Home > Exile Music(52)

Exile Music(52)
Author: Jennifer Steil

   “More,” insisted Nayra.

   I shook my head.

   “In your language then, what are they?”

   “Erdäpfel.”

   Nayra was silent, waiting for more words. “That’s it,” I said.

   “For all of them?” she asked in astonishment. “Every kind?”

   Our own language suddenly felt limited, insufficient for describing the subtleties of the world around us.

   Nayra came from a village up near the lake. Lakes to me meant summer resorts and bathing, waterfront cafés and sandy beaches.
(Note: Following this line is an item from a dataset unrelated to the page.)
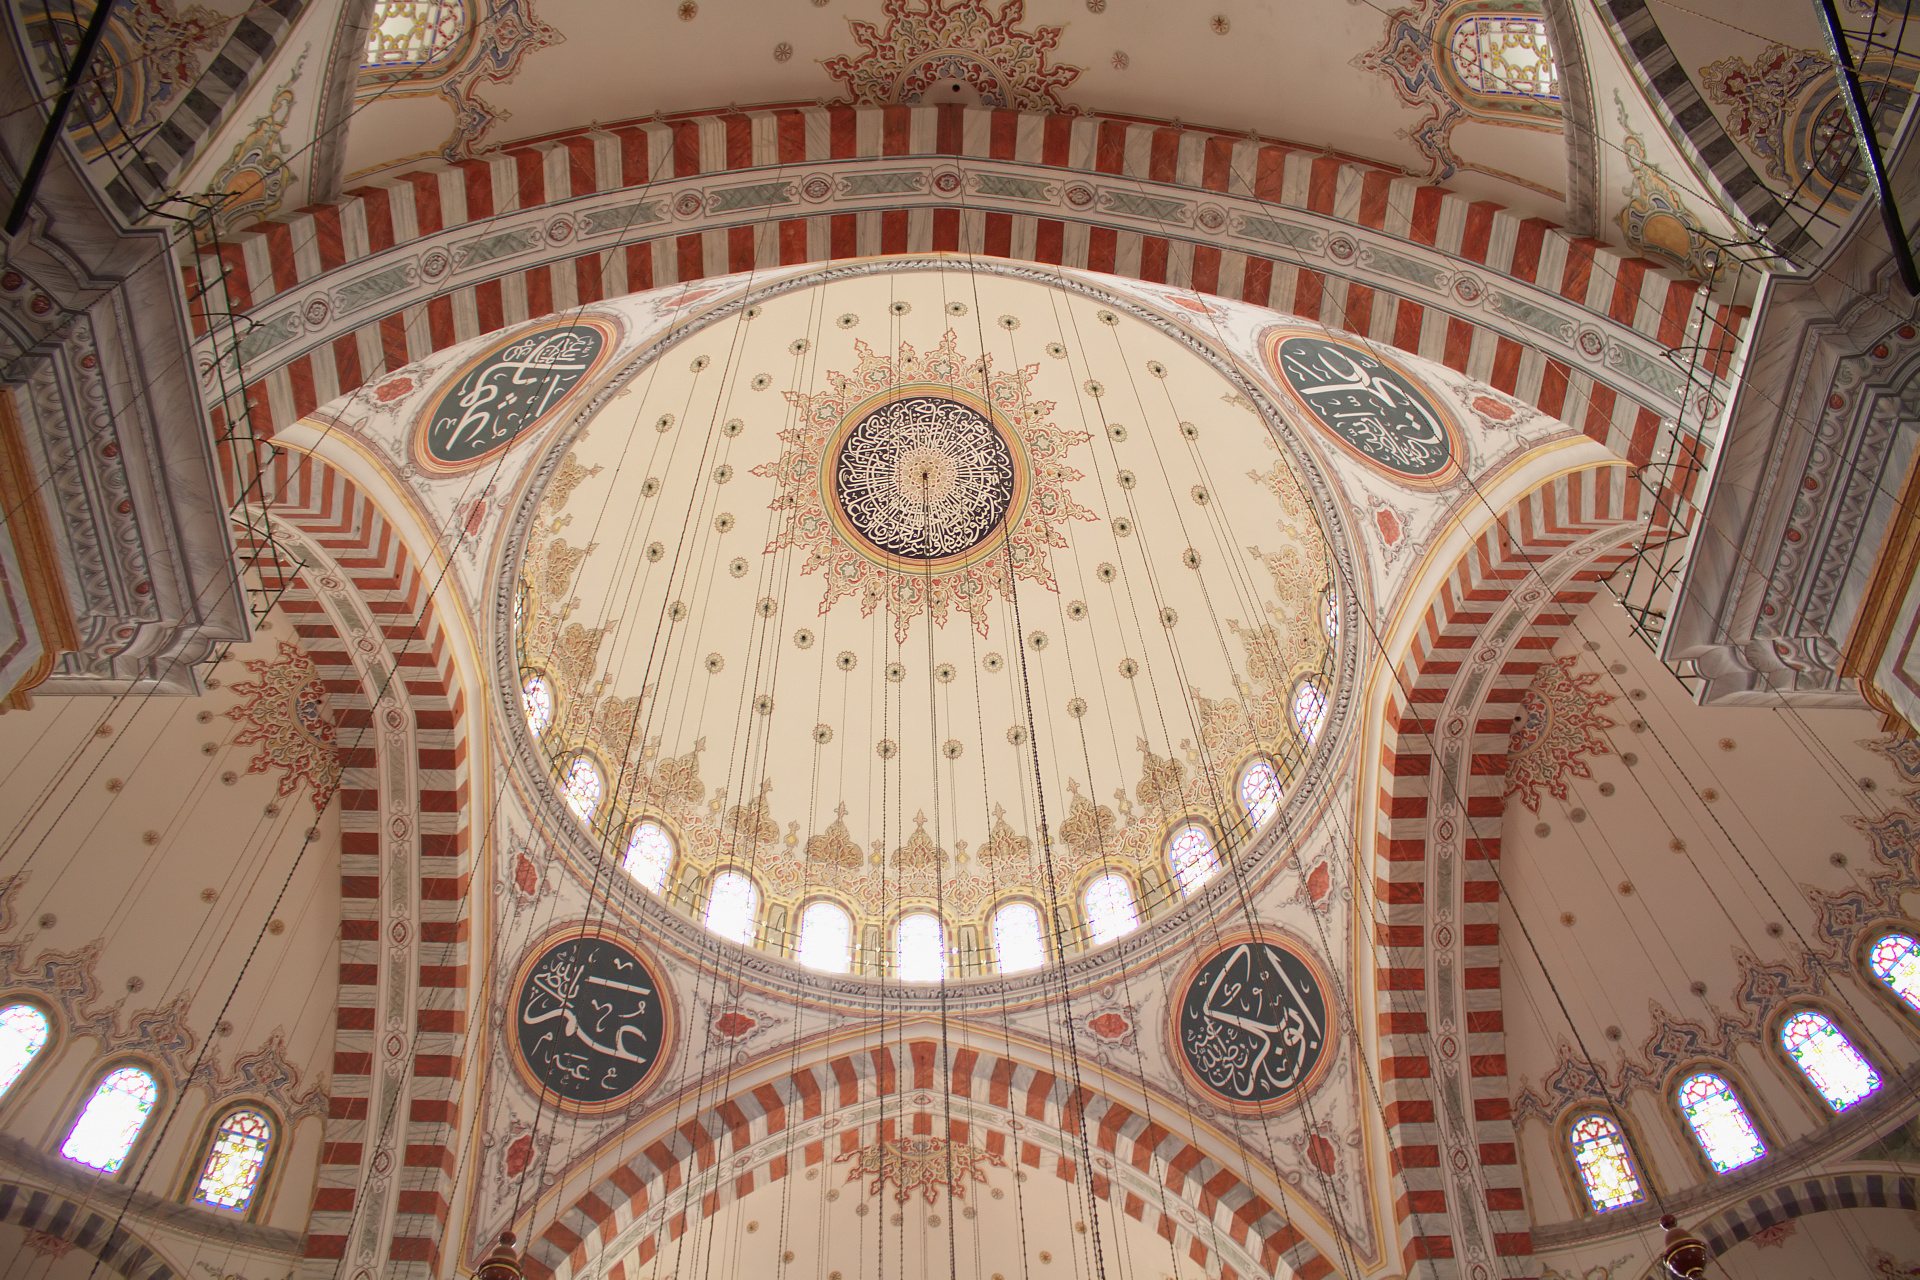 Fatih Mosque (Travels » Istanbul » Mosques)

But when I had asked Nayra if she swam, she had laughed. “It’s not that kind of lake.”

   “You can’t swim?”

   “You can, if you are loca. Or a fish. But if you stay in more than a few minutes under the surface you will die of cold.”

   Some of my schoolmates had been up to the lake. When I asked Sarah and other girls about it, they confirmed Nayra’s assessment. Too cold to swim. Too cold even to picnic beside it, though many families tried. Some even rented boats to travel across to its islands. “It’s as big as an ocean,” my deskmate Sarah told me. “You can’t see the other side. And sometimes you have to take a raft to get across parts of it.”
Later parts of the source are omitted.